REVISTA VEJA
O ESCRITOR ARGENTINO Jorge Luis Borges publicou certa vez um pequeno tratado sobre o método científico: um conto de apenas um parágrafo a respeito de um império famoso por sua cartografia. A arte de fazer mapas se desenvolveu de tal forma nesse país que eles cresceram até atingir o tamanho natural — o mapa do império tinha o tamanho do império. Mas sua utilidade começou a ser questionada, e as gerações seguintes abandonaram a prática. Restaram ruínas do mapa. “Em todo o país não há outra relíquia das Disciplinas Geográficas.” A mensagem: para ter utilidade, todo mapa — ou qualquer modelo científico — precisa simplificar a realidade. Se quisermos trafegar país afora, interessa pouco anotar árvores ou casas. Mas estradas e cidades são imprescindíveis.
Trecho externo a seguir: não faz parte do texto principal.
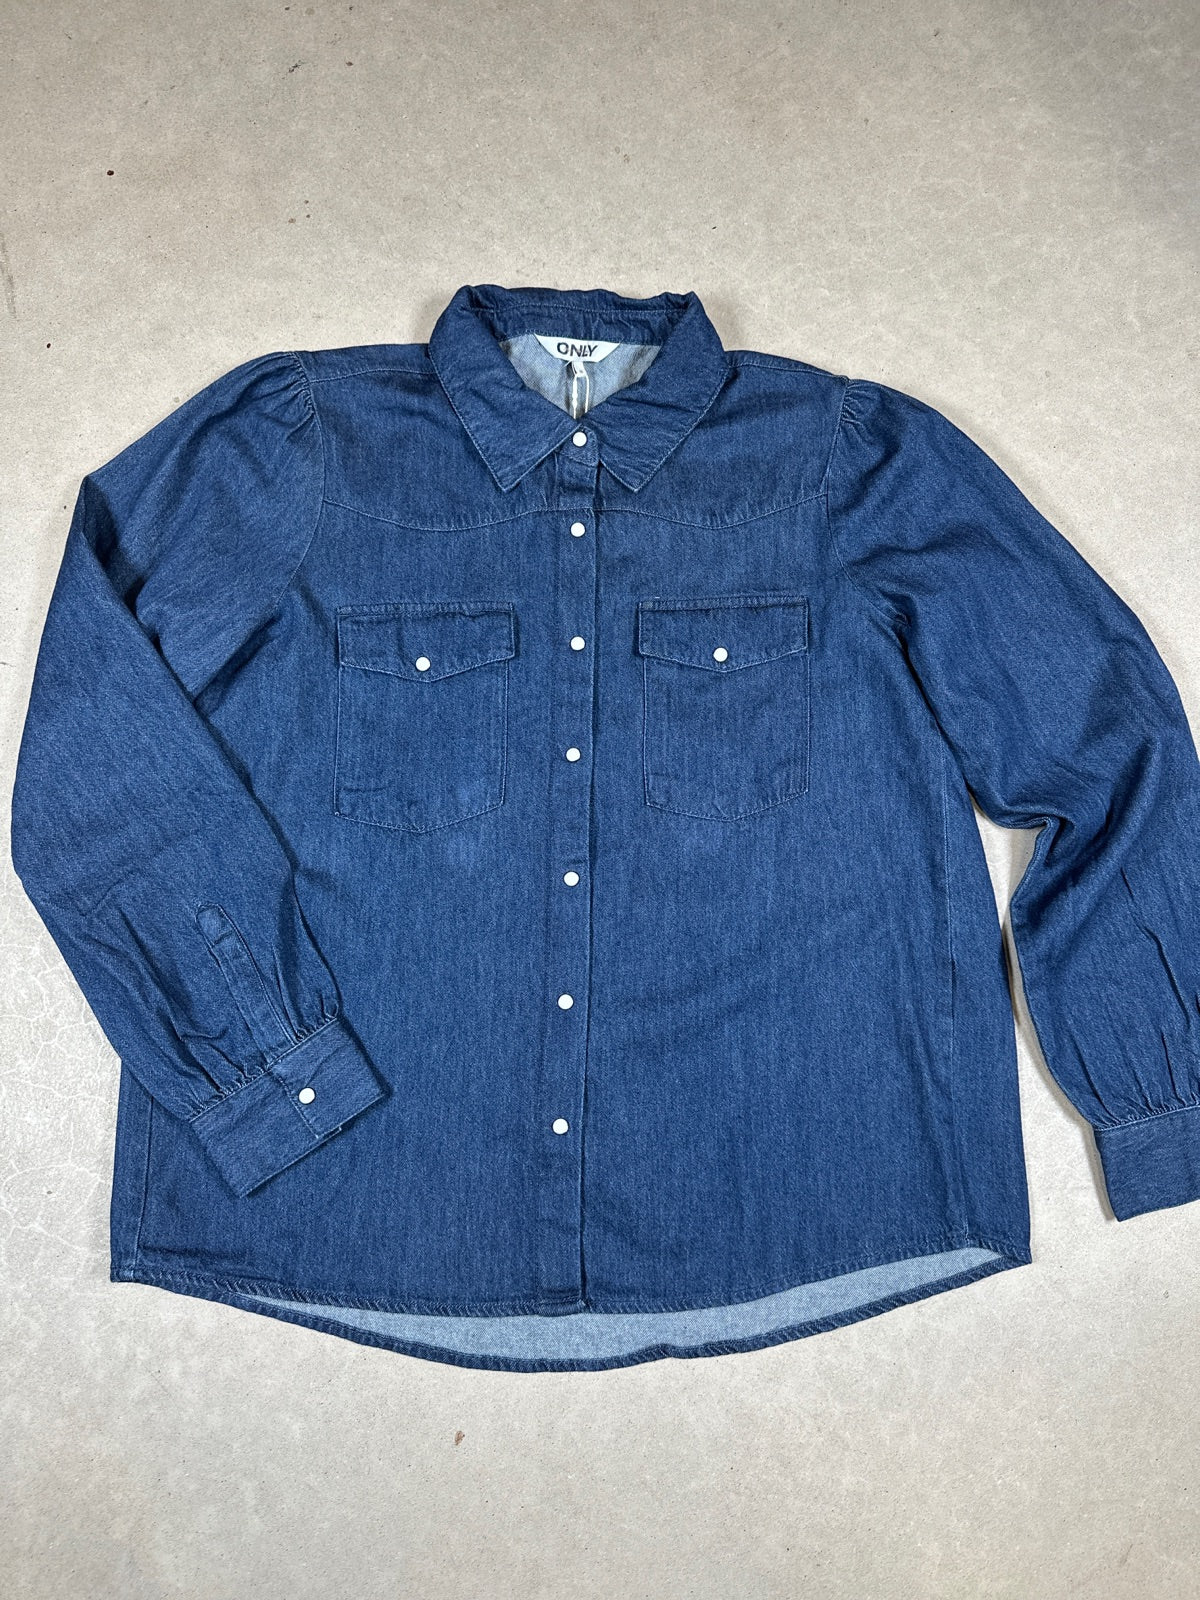 Onllinette Long Sleeve Shirt Dark Blue Denim

Essa digressão vem bem a calhar após o anúncio do Prêmio Nobel de Economia deste ano. Richard Thaler tem uma história curiosa. Foi um aluno medíocre. Recusado como professor repetidamente pelas universidades, acabou se empregando como consultor — até ser demitido, aos 27 anos. A Universidade de Rochester lhe deu, afinal, uma vaga temporária. Seu orientador dizia que ninguém esperava muito dele. O cultuado psicólogo Daniel Kahneman, Nobel de Economia de 2002, disse que Thaler havia sido preguiçoso.
Foi Kahneman, aliás, que transformou sua vida. Thaler escrevera uma lista de ações do dia a dia que considerava irracionais. Elas violavam a base da teoria econômica: a de que somos dotados de uma racionalidade extrema. Seus pares lhe davam pouca atenção. Diziam saber que as pessoas ocasionalmente eram irracionais, mas isso seria apenas um desvio aleatório do padrão. O pressuposto da racionalidade seria uma simplificação da realidade necessária para melhor entendê-la — como as estradas e as cidades no mapa.
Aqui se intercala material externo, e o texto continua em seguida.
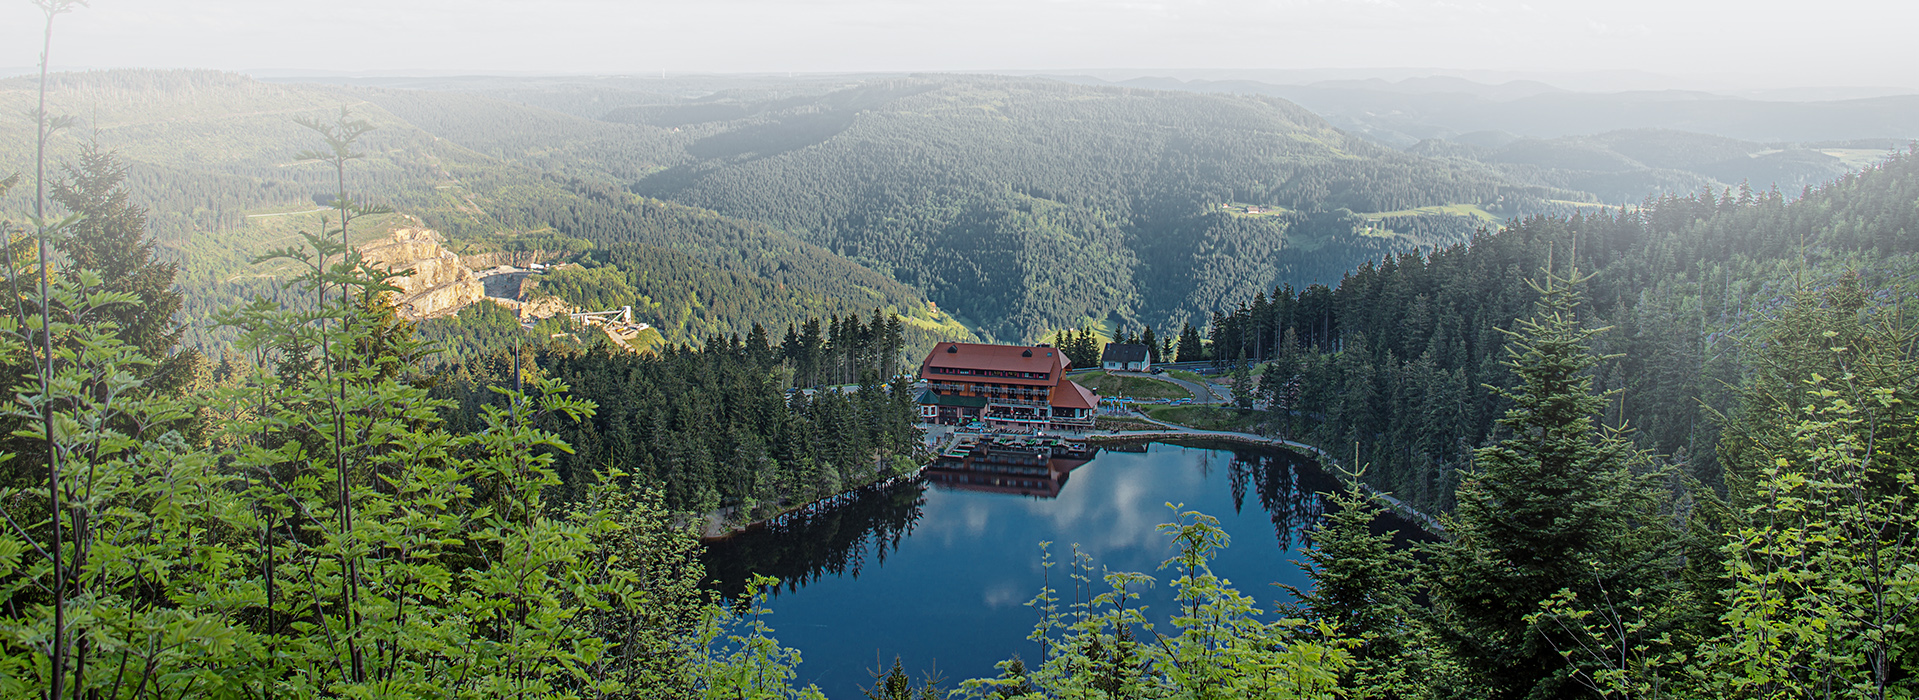 Blick auf das Berghotel Mummelsee. Zwischen dichtem Nadelwald liegt der runde Mummelsee. An seinem Ufer steht ein großes Haus. Im Hintergrund sind Berghänge zu sehen.

Thaler achava o contrário. Somos irracionais em boa parte do tempo. Estava a ponto de abandonar a profissão quando deparou com as pesquisas de Kahneman e seu parceiro, Amos Tversky, que estudavam a irracionalidade do ponto de vista psicológico. Foi o empurrão de que precisava. Em um dos experimentos que desenvolveu, conferia 20 dólares a estudantes para que dividissem como quisessem com outra pessoa. Surpreendentemente, a divisão resultava justa: os estudantes pegavam para si mais ou menos metade do dinheiro. O valor da justiça se sobrepunha ao anseio de tirar o máximo de proveito pessoal — o esperado segundo a visão neoclássica. Mas o resultado mudava quando aos estudantes era dado o poder de extorquir dinheiro do outro. Ninguém roubava nada, em compensação embolsava o total de 20 dólares.
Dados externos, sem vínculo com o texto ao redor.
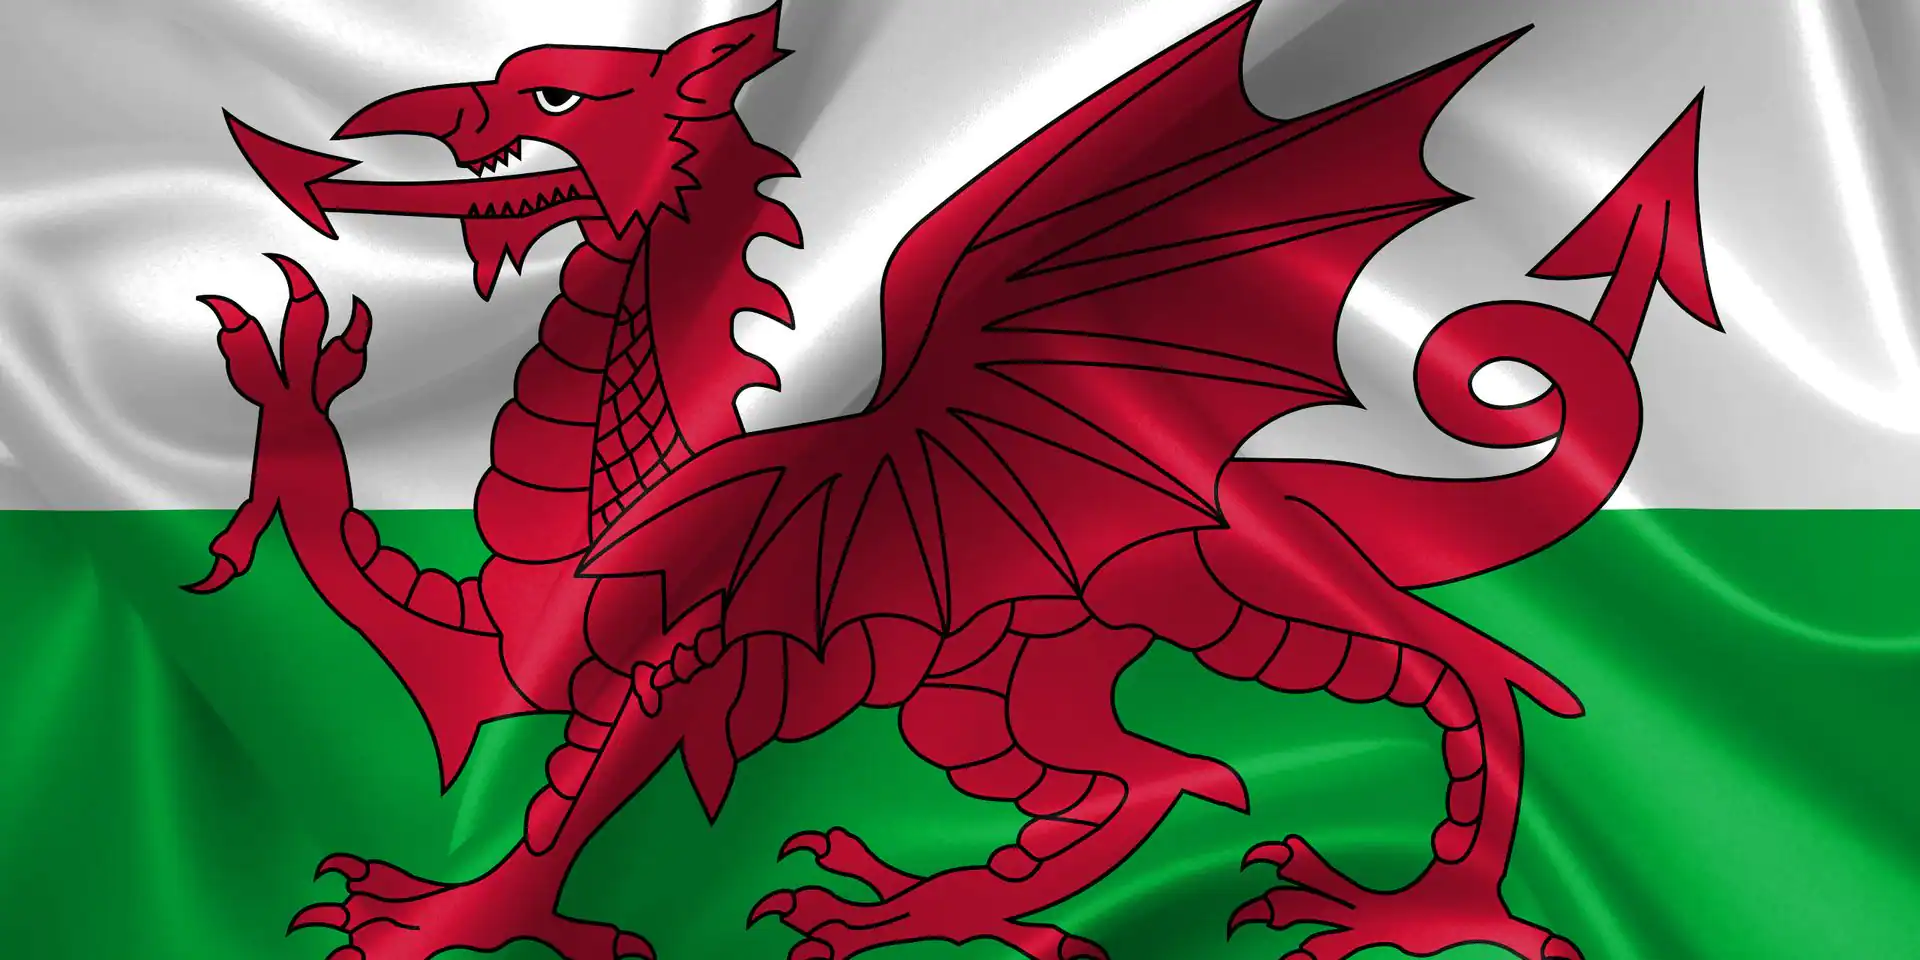 Wales avaa historian ensimmäisen keskuksensa padel

A insistência de Thaler lhe valeu, além da mais alta distinção acadêmica, mais de 1 milhão de dólares. A dúvida, porém, permanece: qual mapa melhor explica a economia? Os economistas comportamentais reduziram muito da certeza em torno da versão clássica. Mas não a ponto de irem para o centro do palco. Para Paul Krugman, outro Nobel, é possível que cada visão ajude a decifrar áreas diferentes da economia. Os economistas já não eram famosos por suas previsões quando tinham apenas um mapa onde olhar. Estarão menos perdidos com dois?